Here is a hacky implementation:
class Service<A, B> {
val inputContainer: MutableList<A>
val outputs: MutableList<B>
val runCalled = AtomicBoolean(false)
val batchSize: Int
suspended fun call(input: A): B? {
// some prefiltering logic that returns a null early
val index = inputContainer.size
inputContainer.add(a) // add to overall list for later batching
return suspend {
run()
outputs[index]
}
}
fun run() {
val batchOutputs = mutableListOf<Deferred<List<B?>>>()
if (!runCalled.getAndSet(true)) {
inputs.chunked(batchSize).forEach {
batchOutputs.add(scope.async { batchCall(it) })
}
runBlocking {
batchOutputs.map {
val res = result.await()
outputs.addAll(res)
}
}
}
}
suspended fun batchCall(input: List<A>): List<B?> {
// batch API call, etc
}
}
Something like this could work but there are several concerns:
All API calls go out at once. Ideally this would be batching and executing in the background while other inputs are being scheduled, but this is not .

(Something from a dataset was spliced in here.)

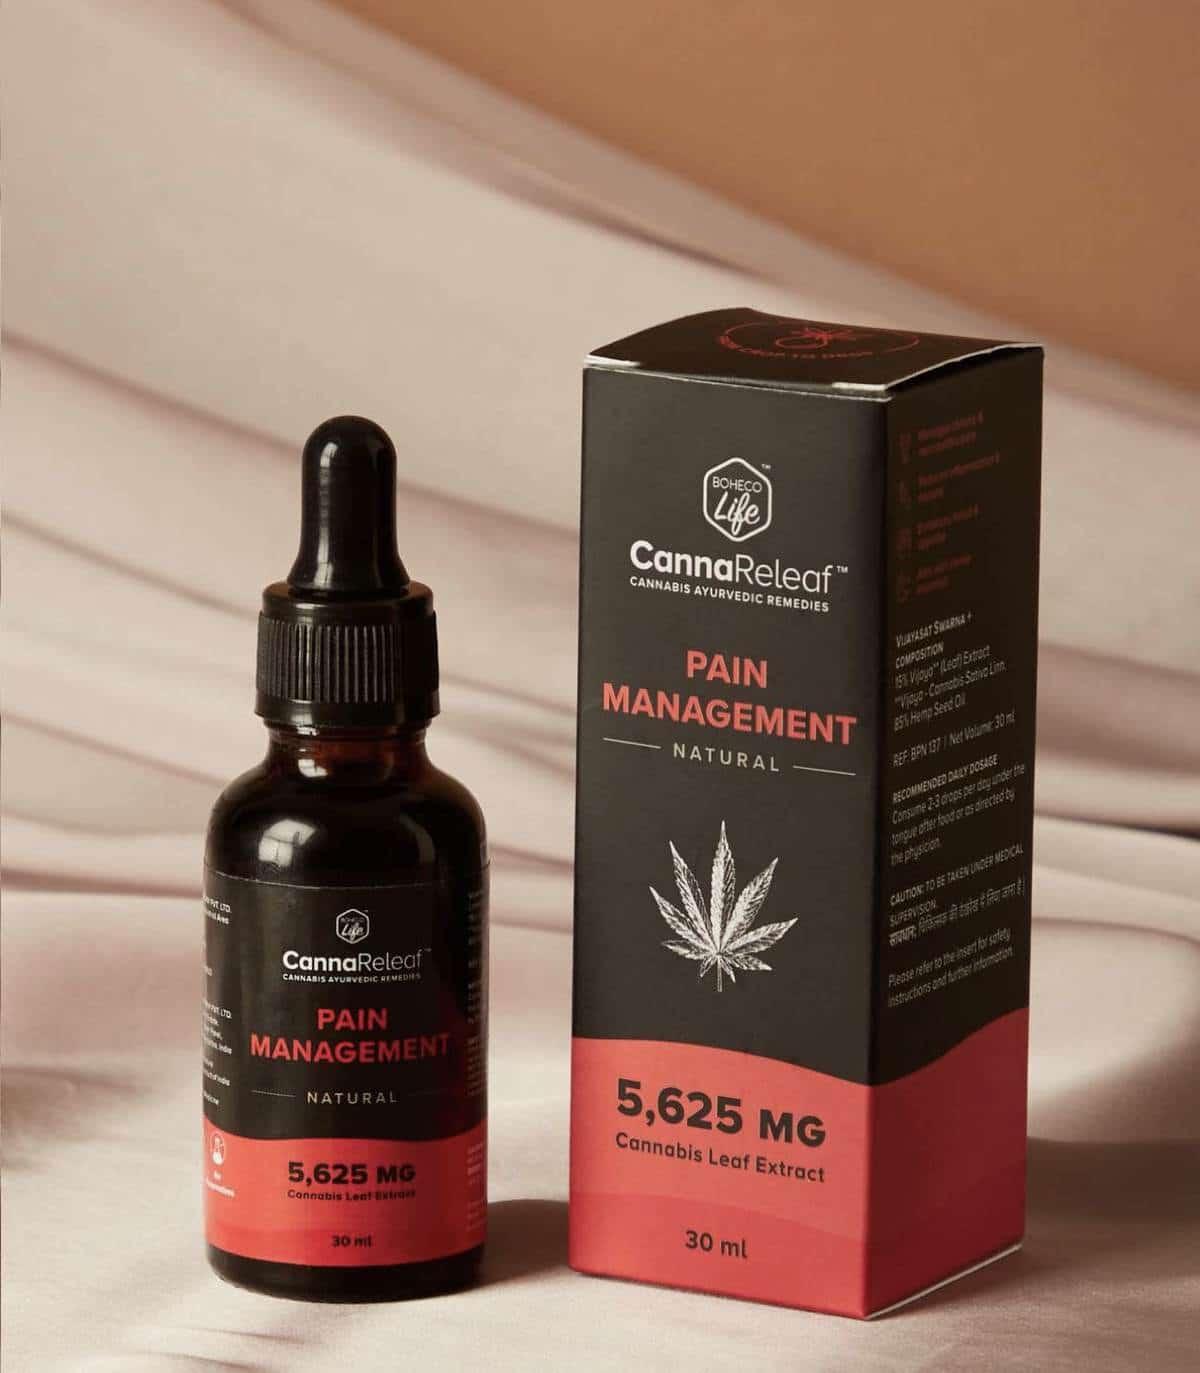 CannaReleaf Pain Management Cannabis Leaf Extract 5625mg – 30ml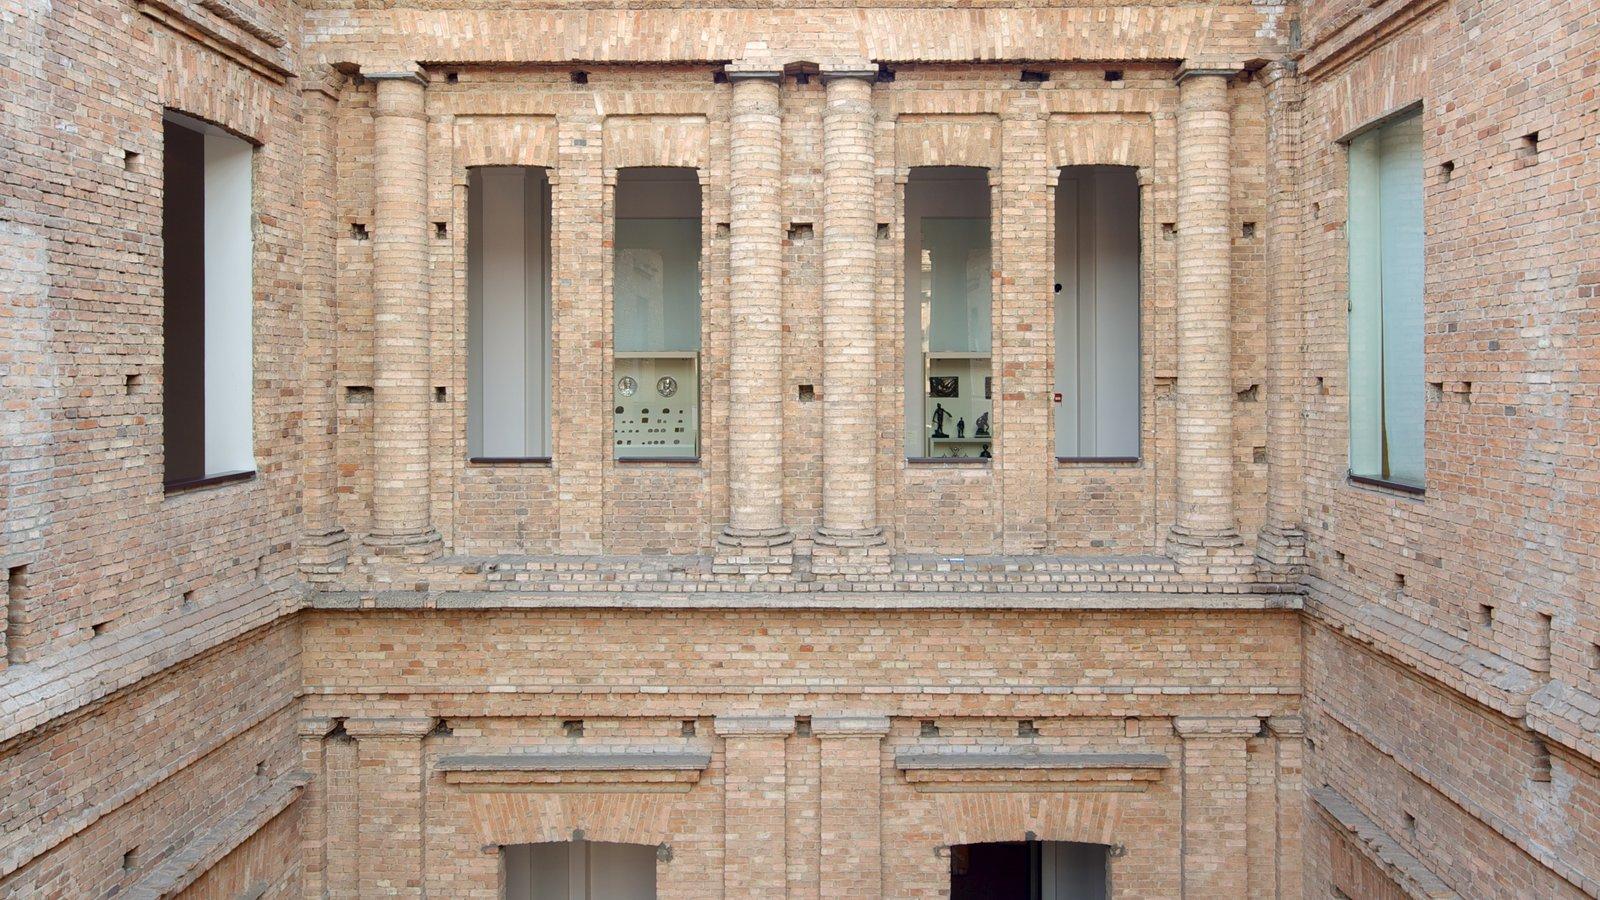 Pinacoteca do Estado caracterizando arquitetura de patrimônio

Processing of the service result for the first input cannot resume until all results have been returned. Ideally we could process the result if the service call has returned, while other results continue to be performed in the background.
Containers of intermediate results seem hacky and prone to bugs. Cleanup logic is also needed, which introduces more hacky bits into the rest of the code
I can think of several optimizations to the address 1 and 2, but I imagine concerns related to 3 would be worse. This seems like a fairly common call pattern and I would expect there to be a library or much simpler design pattern to accomplish this, but I haven't been able to find anything. Any guidance is appreciated.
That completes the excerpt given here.